3.1.2. Diurnal Variations
 Figure 2 shows the 24 h ensemble average values of the vapor δD, δ18O, and d. In Figure 2, the full data set was broken into the winter (December–February), spring (March–May), summer (June–August), and autumn (September–November) seasons. The peak-to-peak variation of the vapor δD was 23‰, 14‰, 4‰, and 16‰ in the winter, spring, summer, and autumn seasons, respectively. The peak-to-peak variation of the vapor δ18O was 3.4‰, 2.5‰, 1.0‰, and 2.8‰, respectively. The minimum δD and δ18O occurred in the early afternoon hours (1200 to 1600 CST), and the maximum δD and δ18O occurred around midnight. These diurnal variations seemed to be in phase with the variations in the vapor mixing ratio. Welp et al. [2008a] suggested that lower δ18O values in midday than at midnight may be related to the entrainment of the lighter vapor from the free atmosphere into the convective boundary layer.

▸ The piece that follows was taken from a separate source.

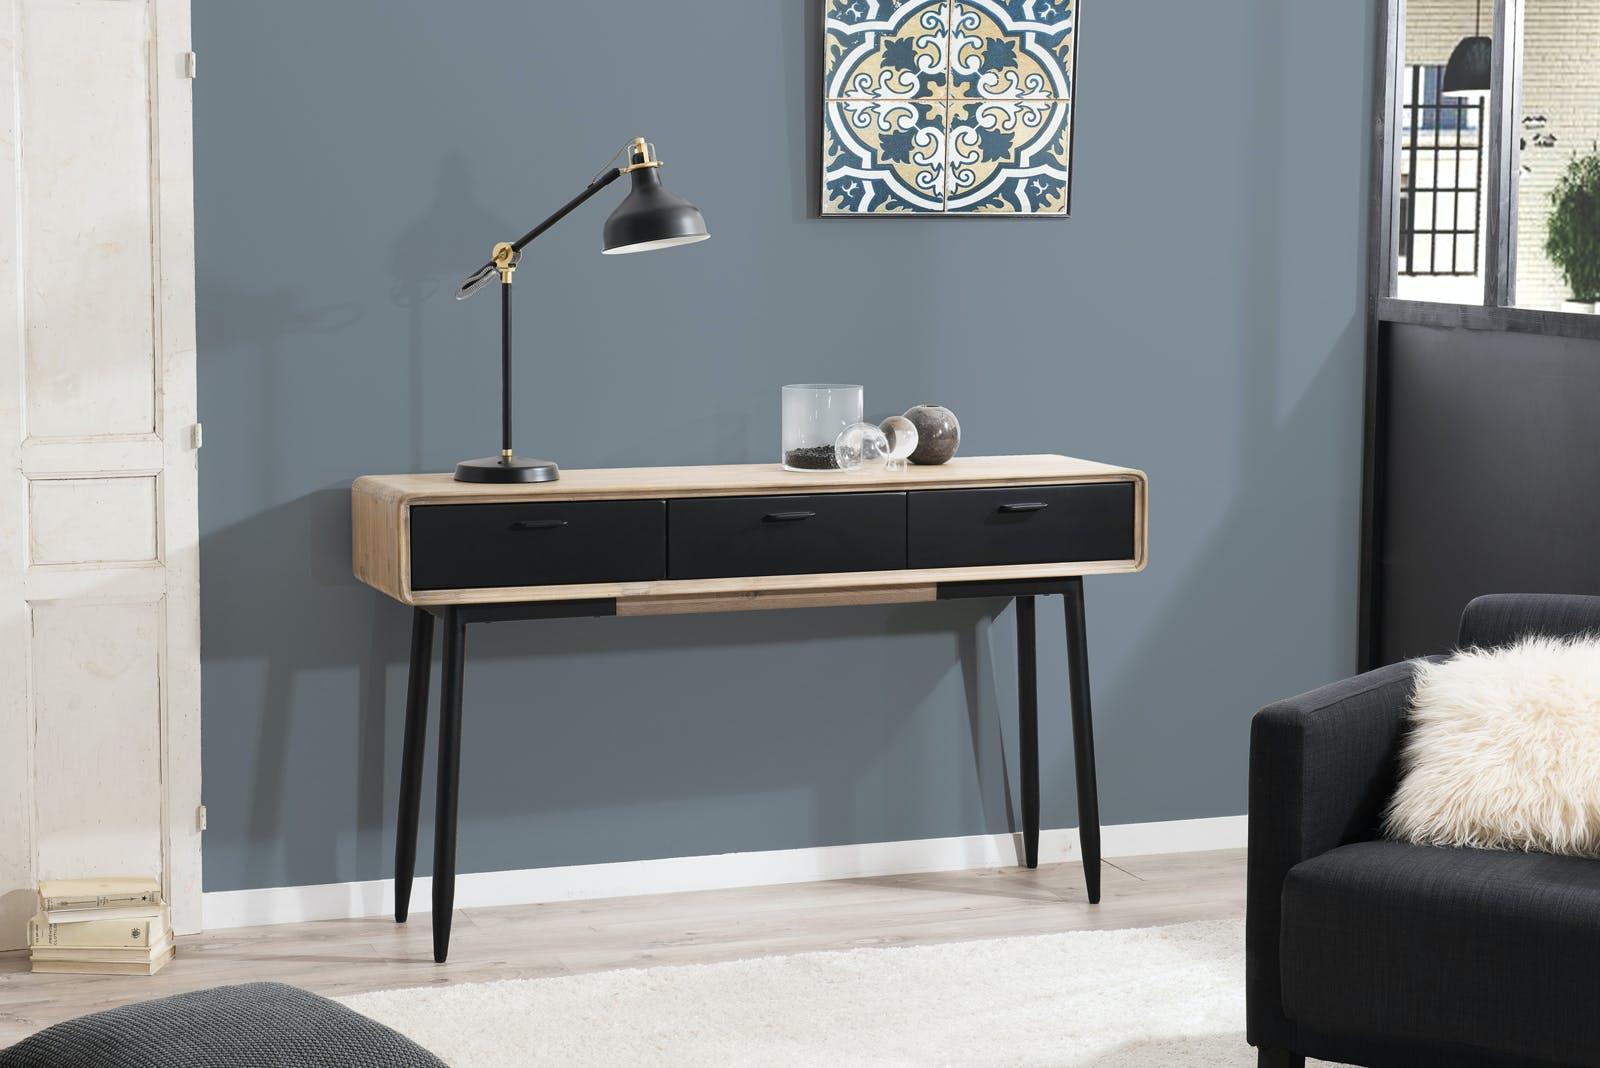 Console en Acacia massif couleur naturelle 3 tiroirs noirs et pieds métal 140x35x80cm PALMEIRA

In the present study, the small diurnal amplitude in the summer may indicate a weak entrainment flux at the top of the boundary layer in the peak monsoon season.
Figure 2. Twenty-four hour ensemble average values of (a) δD, (b) δ18O, (c) d, and (d) water vapor mixing ratio (w) of atmospheric water vapor for winter (December–February; diamonds), spring (March–May; squares), summer (June–August; circles), and autumn (September–November; triangles).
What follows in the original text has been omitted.